唇を噛み締める飯田が、あの日の駐車場の時のそれと重なる。

『ねぇ…もう一回しませんか?』

そう言って、キスをねだるように、顔を上げた飯田から、俺は顔を背け、植え込みまで走ると、吐いた。

纏わりつく香り、押し付けられた感触、蜘蛛の巣に引っかかった時のように、絡まる全てが、忌々しく。

嫌で嫌で仕方なかった。

その時の飯田も、やはり今と同じように唇を悔し気に噛んでいた気がする。
うろ覚えだけれど。


「俺も、最初はそのやり方で、正解なのかと思ってた。

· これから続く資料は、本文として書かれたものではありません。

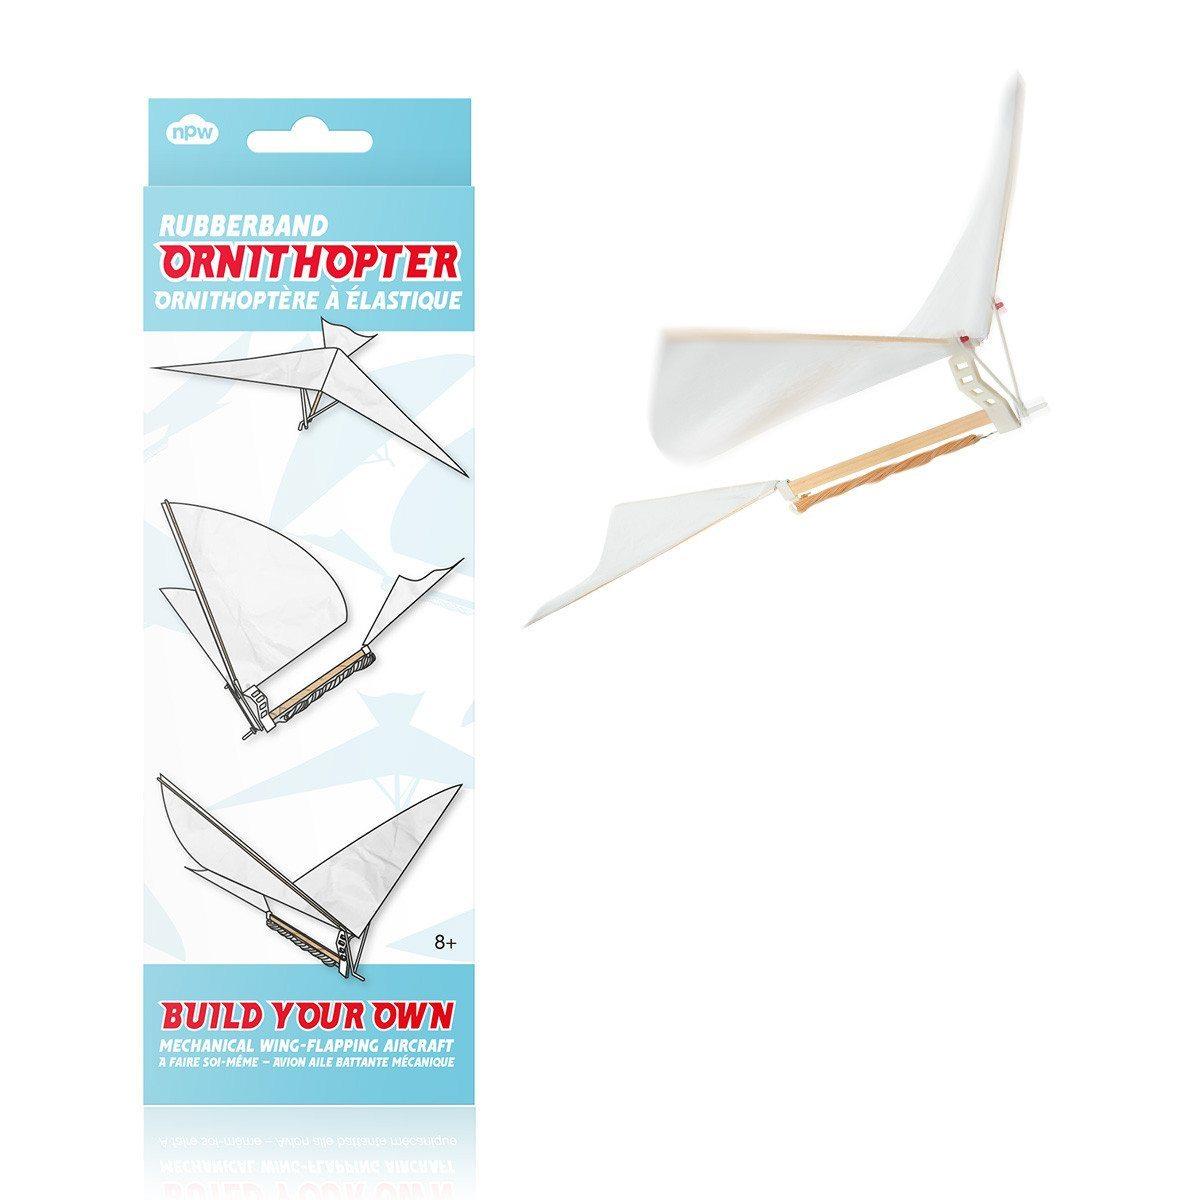 Flugzeug mit Gummimotor bauen

DYLKには世話になってるし、ルーチェはこの枠組みの中でやっていくしかないって。でもー、身体が拒否して…歌えなくて用無しみたいな扱いを受けて、声が戻った時…今直ぐ死んでも後悔しない唄を歌いたいって思った。」

立て直すには、信頼できるチームに、ルーチェが戻る必要があった。

「だから、早川誠を選んだ。」

飯田は仕事熱心だが、信頼性には欠ける。
先日の事が、会社の為を思ってたとして百歩譲って許しても、まこちゃんは、会社ではなく、ルーチェを守ろうとしてくれた。
そこが決定的に違った。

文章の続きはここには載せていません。